** Work to be completed **
All of the listing should be output exactly, apart from the pictures.

** Provided material **

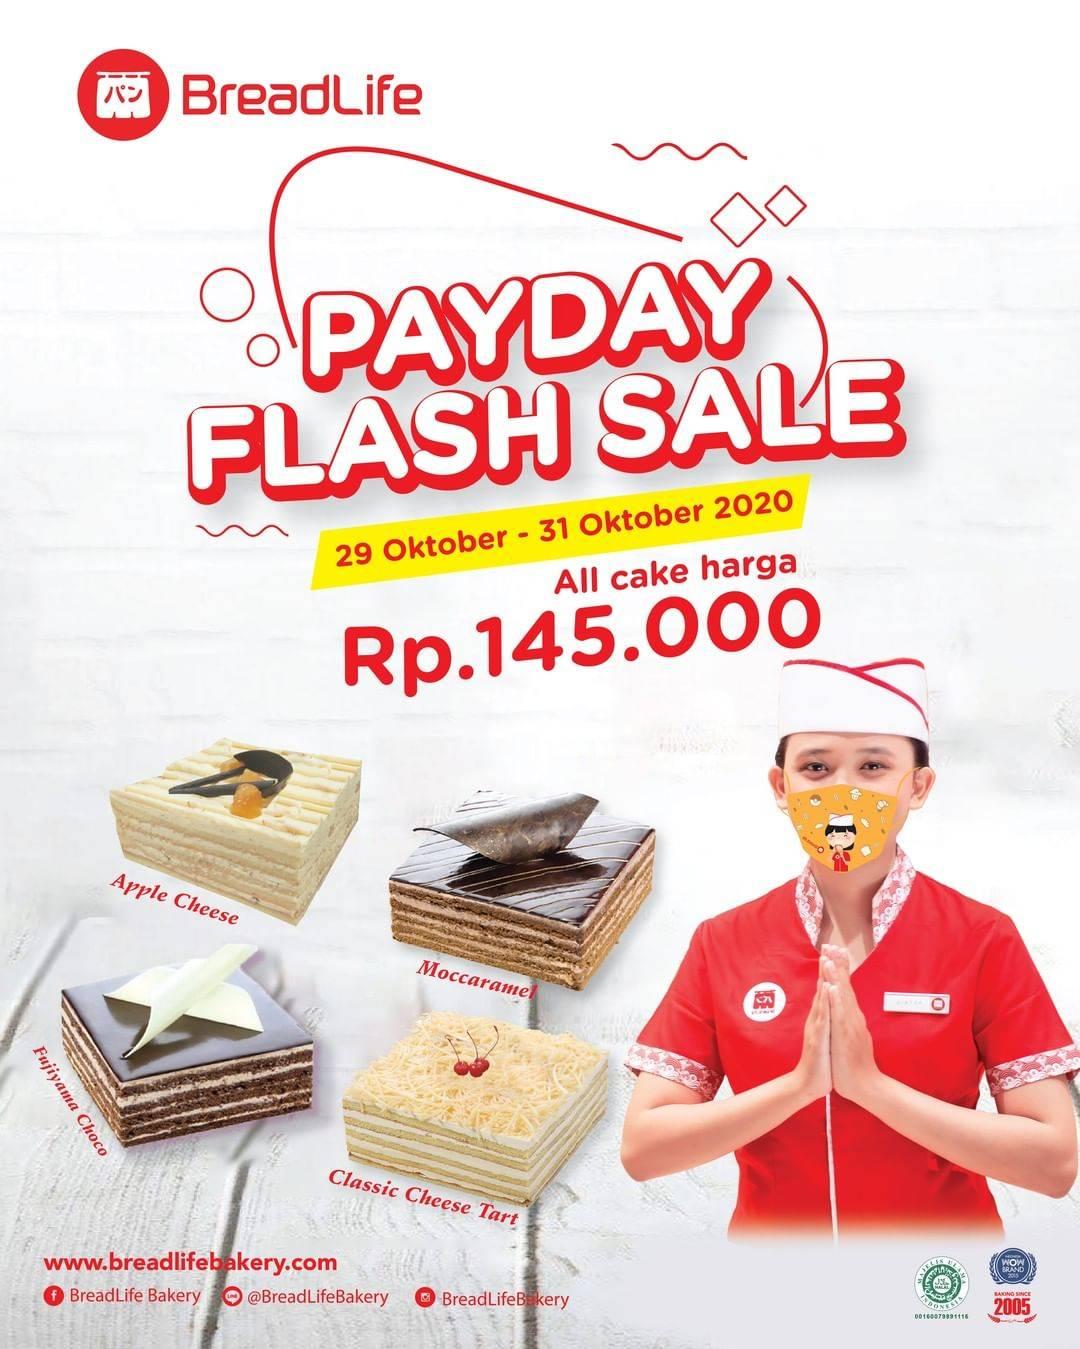 Diskon Breadlife Promo Payday Flash Sale All Cake Hanya Rp. 145.000
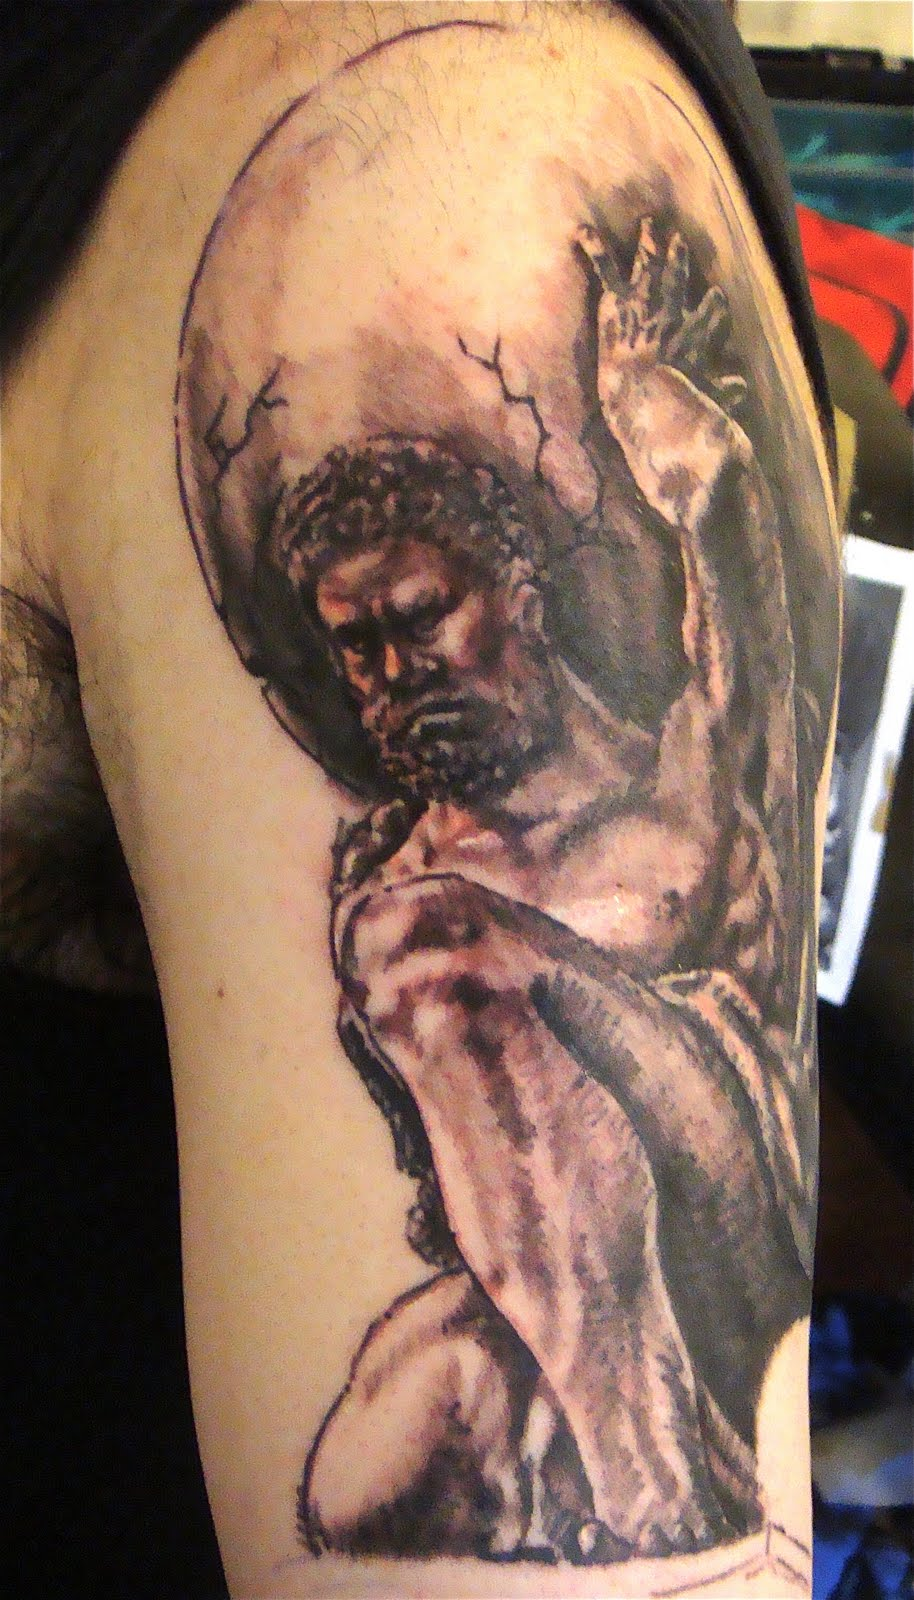 Submundo tattoos body piercing atlas work in progress for Weightlifting tattoo designs
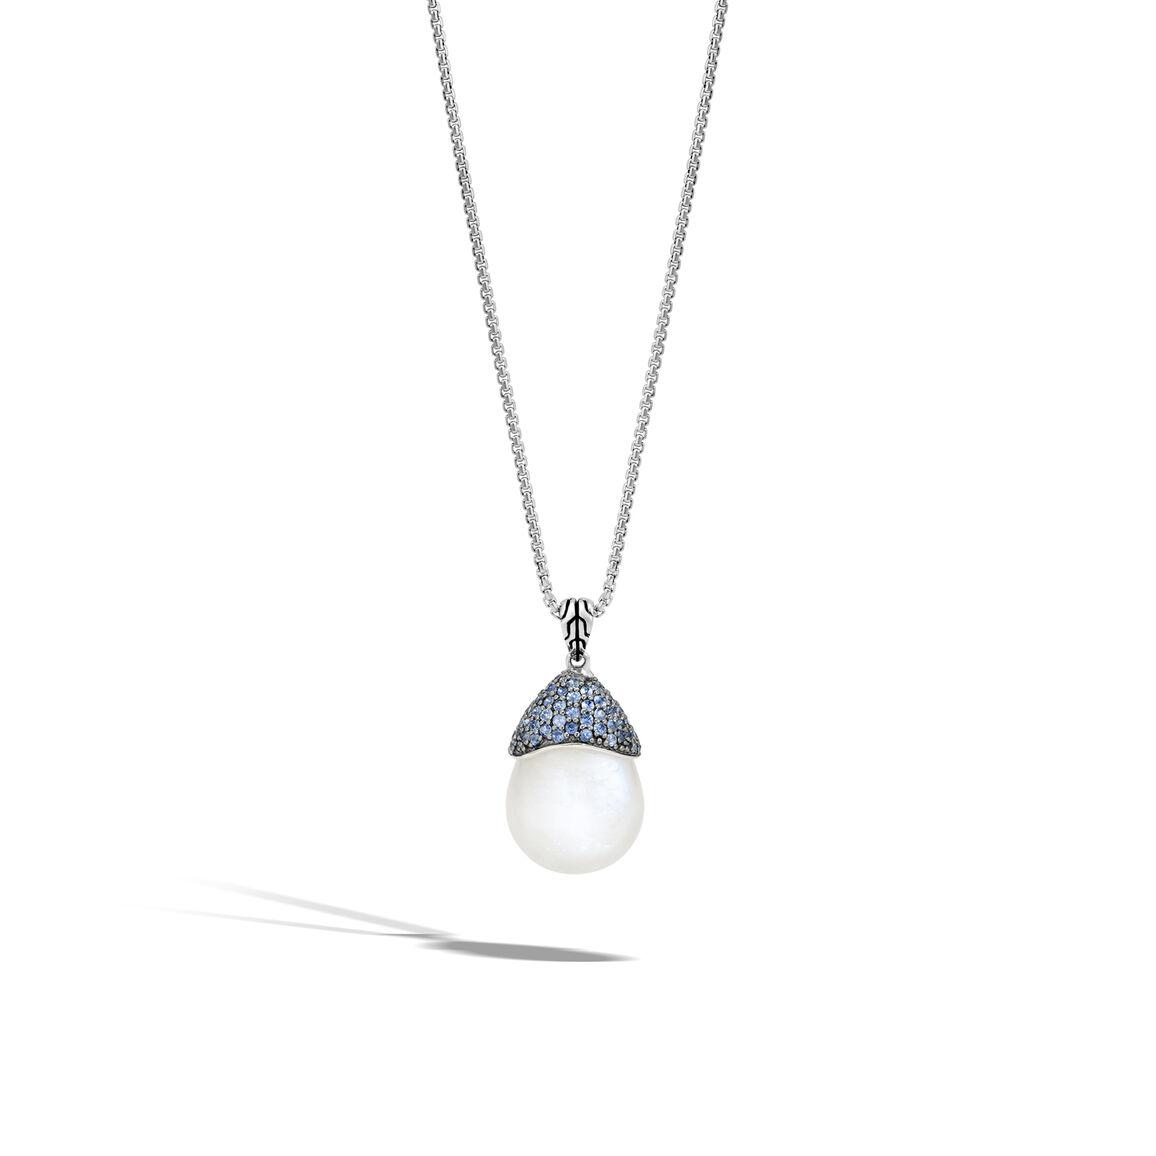 Classic Chain Celestial Orb Pendant, Silver, 19x16MM Gemstone

** Task answer **
 Diskon Breadlife Promo Payday Flash Sale All Cake Hanya Rp. 145.000
 Submundo tattoos body piercing atlas work in progress for Weightlifting tattoo designs
 Classic Chain Celestial Orb Pendant, Silver, 19x16MM Gemstone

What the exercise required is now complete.